I find teaching both of these classes very helpful and the best way to utilize my skills. When I’m teaching my classes at my studio it’s usually filled with new students, non flexible body builders and people who have never even heard of yoga. I usually plan ahead and know what type of flow I will be doing, what I’m going to value and any specific parts of the body and or muscular system I’ll be focusing on. This can all change the moment I’m ready to teach and I look around my room and all the eager and sometimes terrified faces. One of the many things I am grateful I learned is my ability to change up my flow and postures in an instant due to skill level, class size, mood, requests, injuries etc...
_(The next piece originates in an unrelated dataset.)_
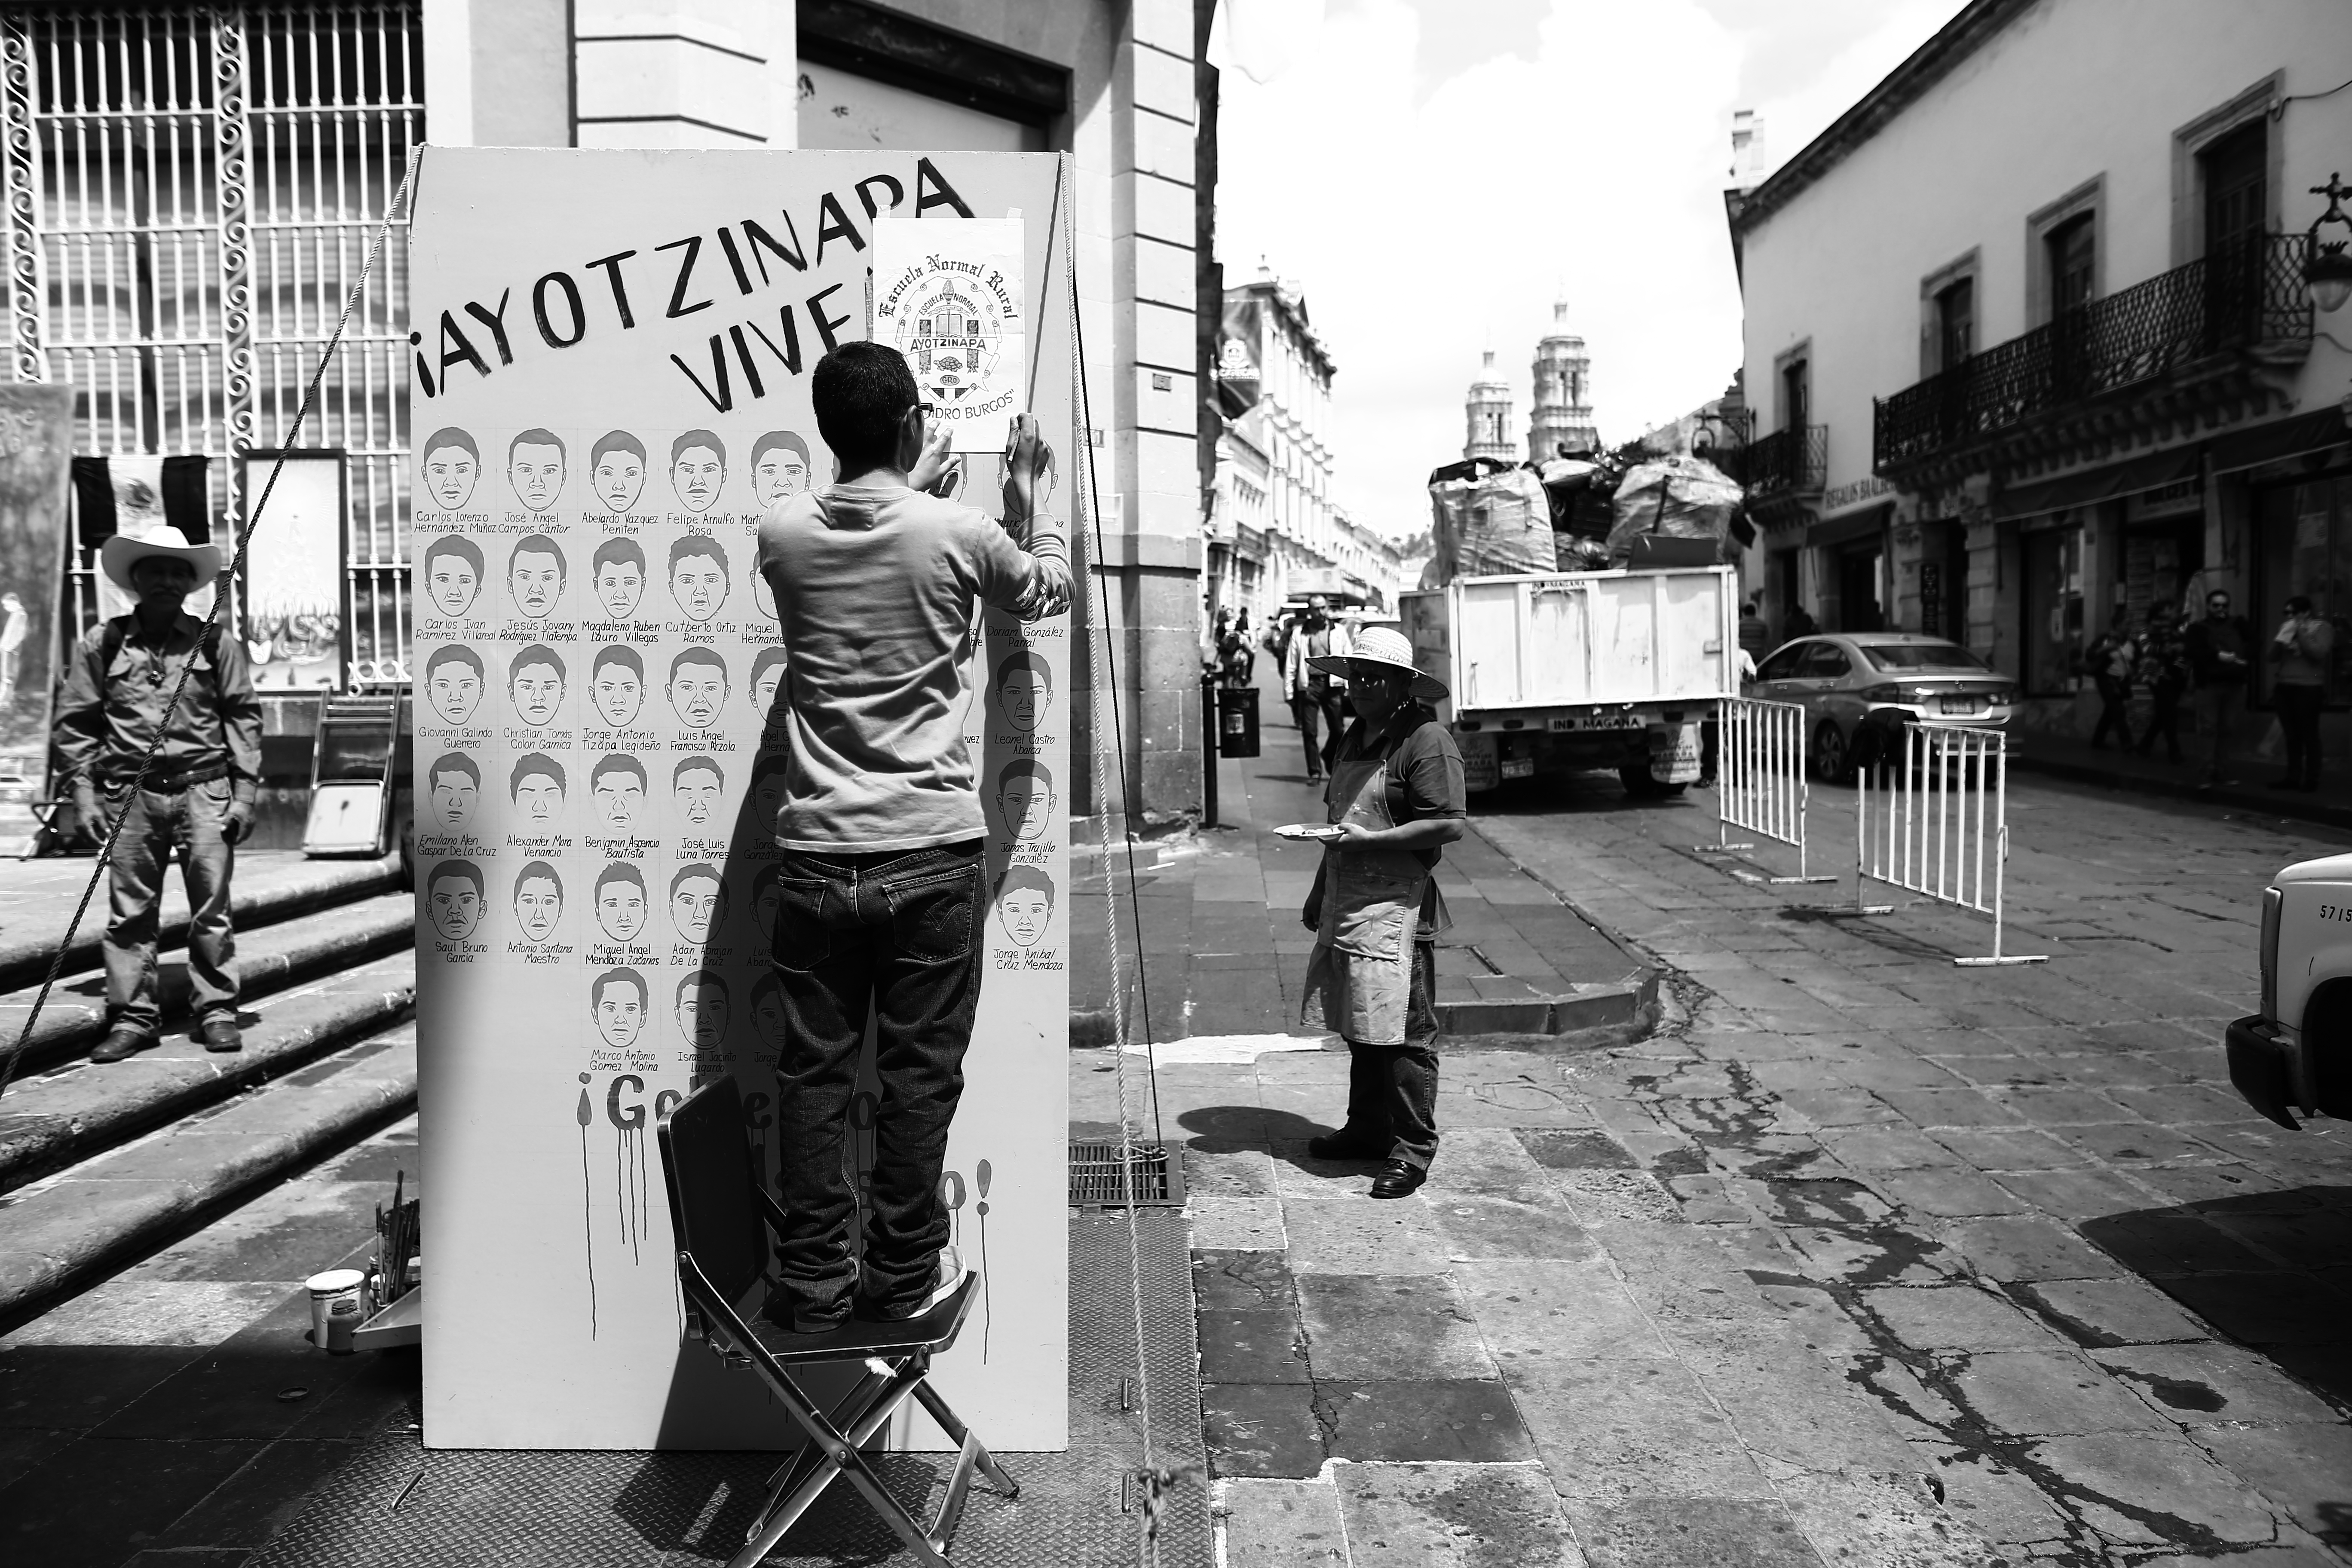 Jóvenes durante la conmemoración del segundo aniversario de Ayotzinapa n foto: andrés sánchez

When put in these situations I tend to talk more. I give directions for specific angles, foundation and movement. I feel I can get the class to focus MORE on their body rather than looking at the front of the room trying to duplicate what my body has done.
I’ve taught classes filled with teachers of all levels and found I have to say very little as they are so in tune they already know what I’m going to do and/or say. Considering they’re already so conscious, they know what they should be focusing on.
I am appreciative of BOTH these circumstances as one helps me use my ability to develop my “language of yoga”-being Sanskrit, anatomy, physiology, and values. While the other lets me simply shut up while the student concentrates on breathing and tunes inward.